For strain TW1 (GenBank genome accession GCA_003181115.1), we downloaded the raw sequencing results from the NCBI Sequence Read Archive (SRA) to examine the phytoplasma sequences present in the sequencing libraries. The raw reads were mapped to two other reference genomes (i.e., AYWB and OY-M; see Table 1) to detect the presence of 16SrI-A and 16SrI-B type phytoplasmas, respectively. For the Oxford Nanopore MinION reads (SRA accession SRR7548026), the mapping was performed using Minimap2 v2.15 (Li, 2018). For the Illumina MiSeq paired-end reads (SRA accession SRR7548027), the mapping was performed using the Burrows-Wheeler Alignment (BWA) tool v0.7.17 (Li and Durbin, 2009). The mapping results were programmatically checked using SAMtools v1.9 (Li et al., 2009) to identify the sequence variations.
Genome Comparisons
For whole-genome comparison, FastANI v1.1 (Jain et al., 2018) was used to calculate the proportion of genomic segments mapped and the average nucleotide identity (ANI) of those segments in each genome-pair. For each pair, reciprocal comparisons between the two genomes were conducted (i.e., X as the query against Y as the reference and Y as the query against X as the reference). To calculate the proportion of genomic segments mapped, the numbers of segments mapped from those two reciprocal comparisons were combined as the numerator, and the total numbers of segments from those two genomes were combined as the denominator. The reciprocal ANI values were averaged. For example, in the AYWB-NJAY comparison, 183 out of the 239 segments of AYWB could be mapped to NJAY, and all 187 segments of NJAY could be mapped to AYWB. Based on these results, these two strains share (183 + 187) / (239 + 187) = 370 / 426 = 86.9% of their genomic segments. The ANI values were 99.5 and 99.8% in the two reciprocal comparisons, and an average ANI of 99.7% was reported.
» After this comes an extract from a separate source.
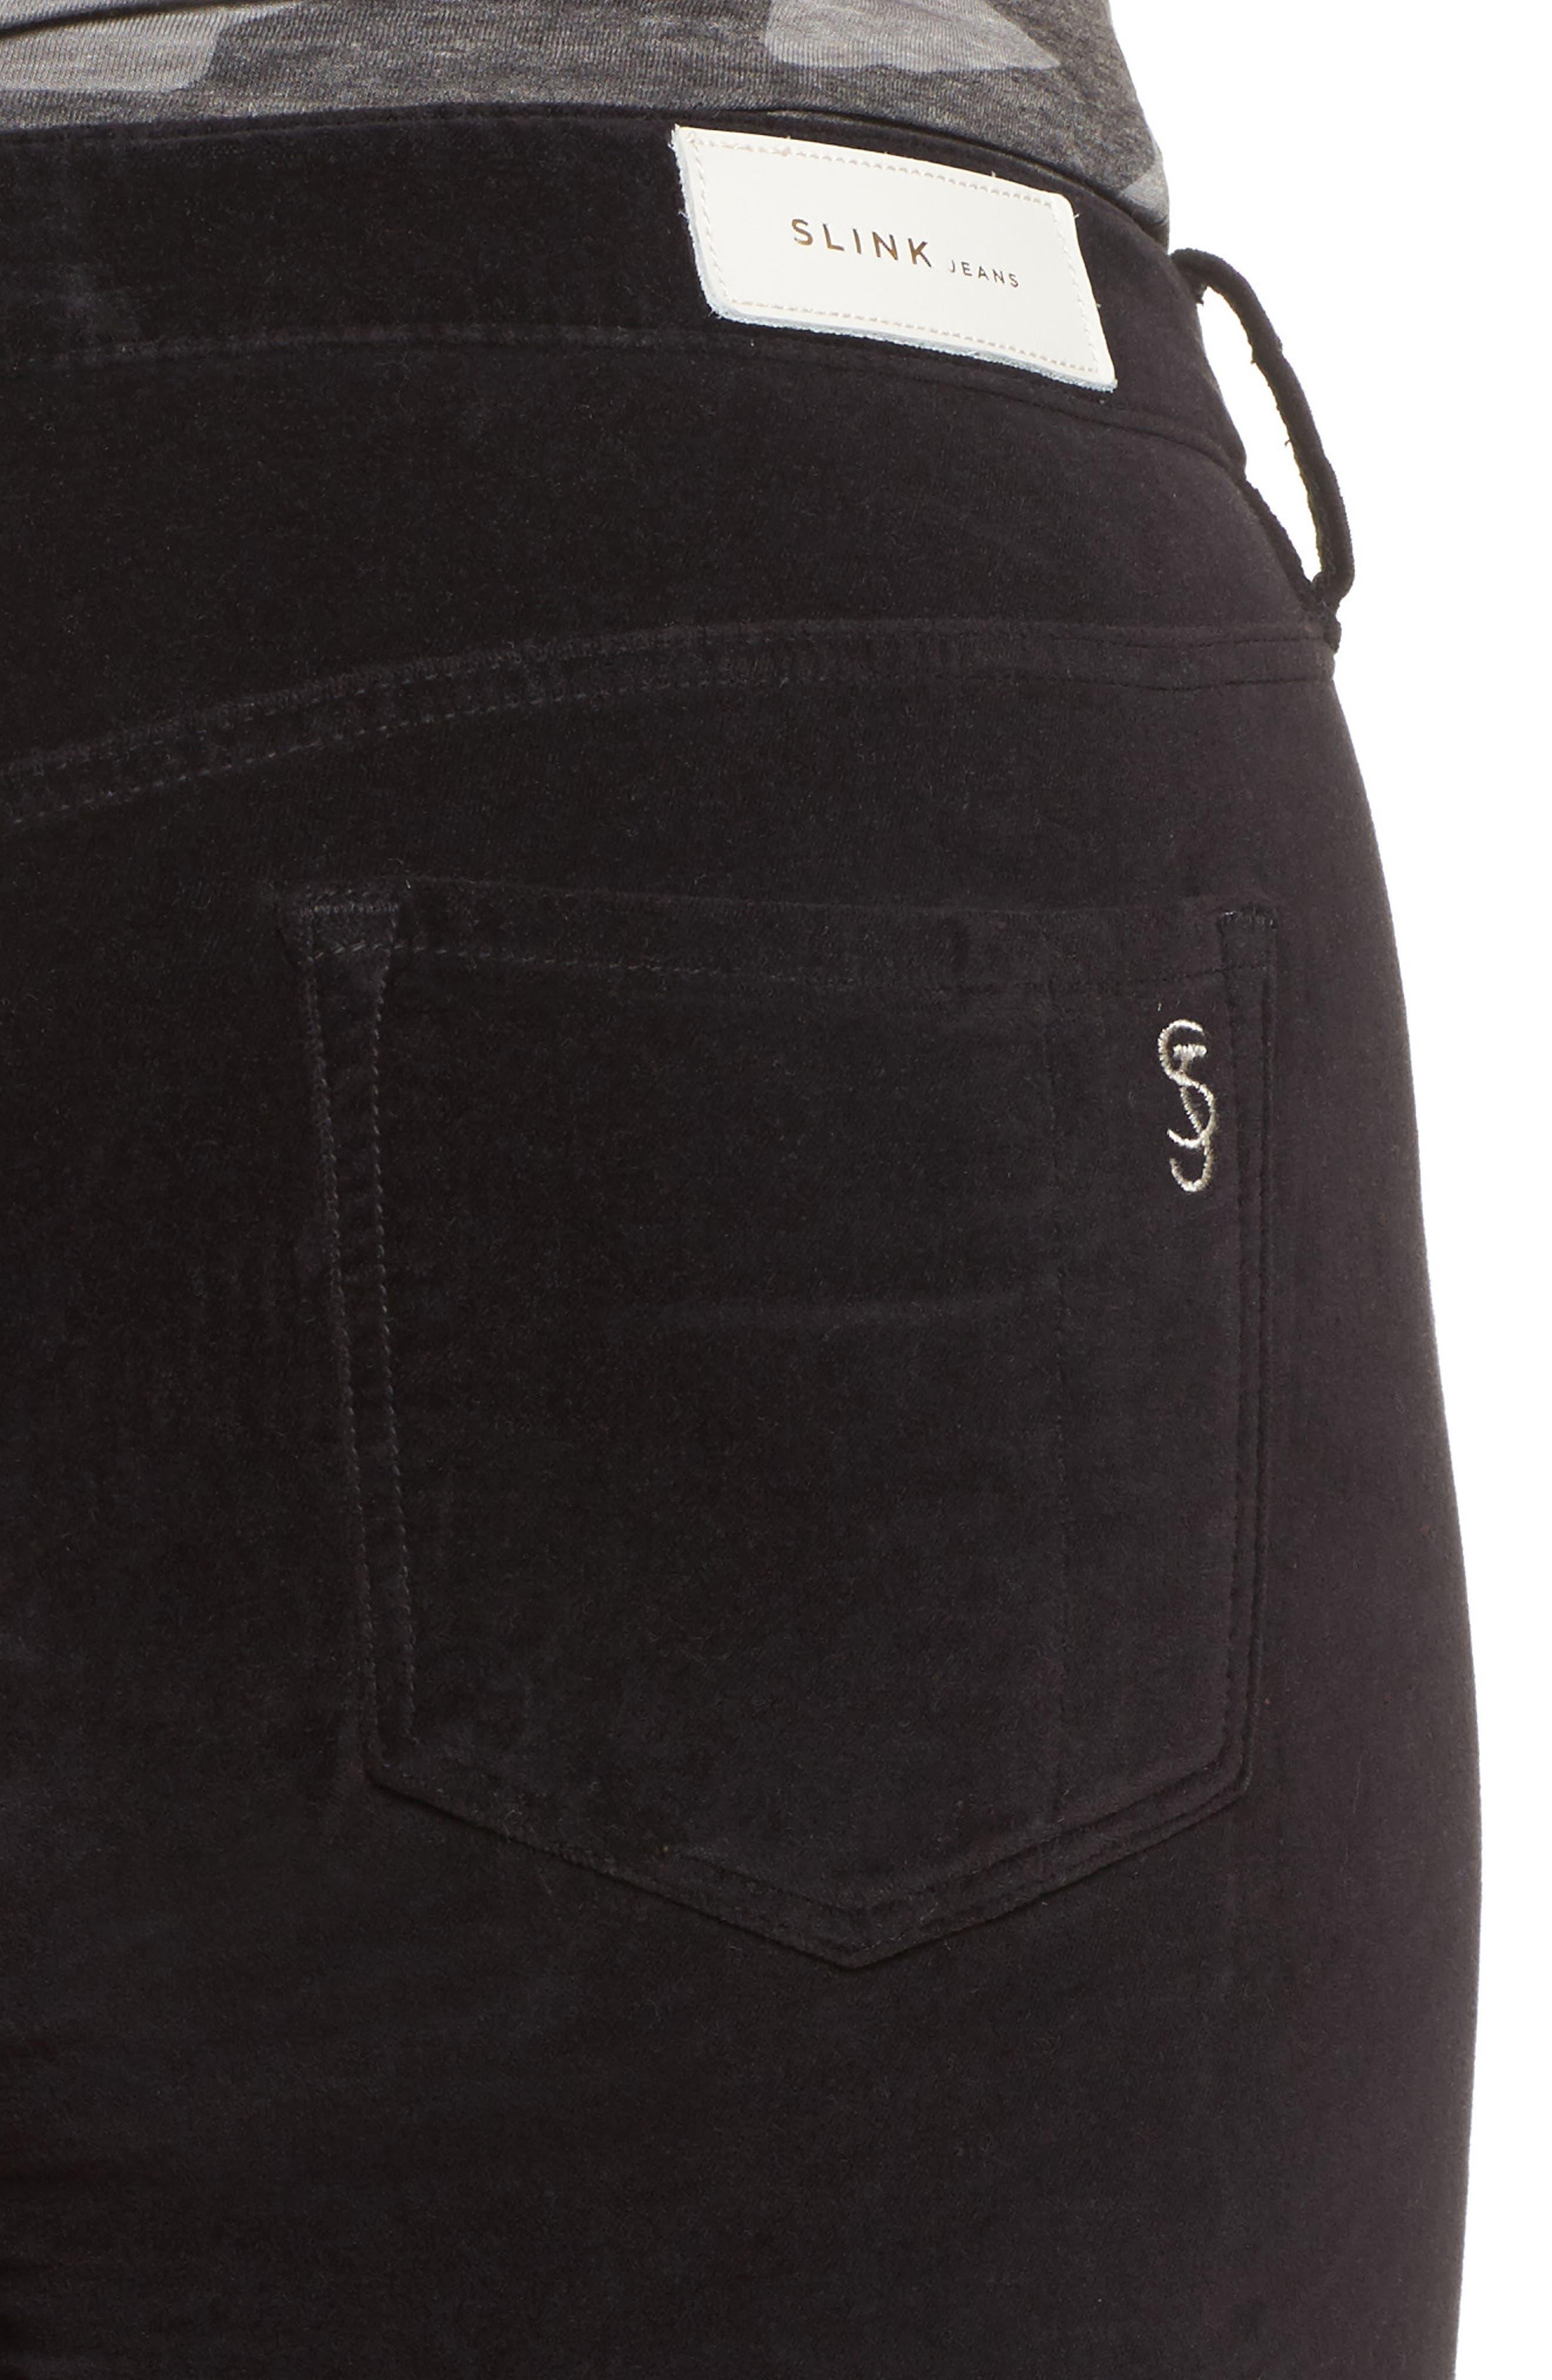 Alternate Image 4  - SLINK Jeans Velvet Skinny Ankle Jeans (Plus Size)

For gene-centric investigation, the homologous gene clusters among all genomes were identified using OrthoMCL v1.3 (Li et al., 2003) based on the procedures described in our previous studies (Chung et al., 2013; Lo et al., 2013). Briefly, all coding sequences (CDS), including those annotated as pseudogenes, were included in the all-against-all similarity searches using BLASTN v2.6.0 (Camacho et al., 2009) with an e-value cutoff of 1e–15. The BLASTN results were used as the input for OrthoMCL, which normalized the within- and between-genome comparisons and identified homologs according to the principle of reciprocal best hits. Similar to the procedures for whole-genome comparisons, the proportion of homologs shared and the sequence identity of shared homologs were considered as two separate metrics of genome similarities. The proportion of homologs shared was calculated based on averaging (i.e., the number of homologs shared was used as the numerator, and the average number of homologs present in those two genomes was used as the denominator). The sequence identities of coding regions were calculated based on multiple sequence alignment of those single-copy genes present in all of the genomes compared. The homologs were aligned using MUSCLE (Edgar, 2004) and the sequence identities were calculated using the DNADIST program in PHYLIP v3.697 (Felsenstein, 1989); as expected, reciprocal comparisons all produced the same result for sequence identities.
In addition to the pairwise comparisons, the gene content of all genomes was compared using a procedure based on principal coordinates analysis (Lo et al., 2018). For this procedure, the homologous gene clustering result was converted into a matrix of 11 genomes by 1,233 gene clusters; the value in each cell indicates the gene copy number. This matrix was converted into a Jaccard distance matrix among genomes using the VEGAN package in R, then processed using the PCOA function in the APE package (Popescu et al., 2012).
To compare the genes for putative secreted proteins among these phytoplasmas, we examined all coding sequences using a procedure described in a previous study (Cho et al., 2019b). Briefly, SignalP v5.0 (Armenteros et al., 2019) was used to check the presence of signal peptide based on the Gram-positive bacteria model. The program TMHMM v2.0 (Krogh et al., 2001) was used to verify that these putative secreted proteins have no transmembrane domain. For those four experimentally characterized effectors (i.e., SAP05, SAP11/SWP1, SAP54/PHYL1, and TENGU), all putative homologs (i.e., those belong to the same homologous gene cluster as defined by OrthoMCL or have a BLASTN e-value of lower than 1e–100) were manually added to the list of regardless of the SignalP prediction results.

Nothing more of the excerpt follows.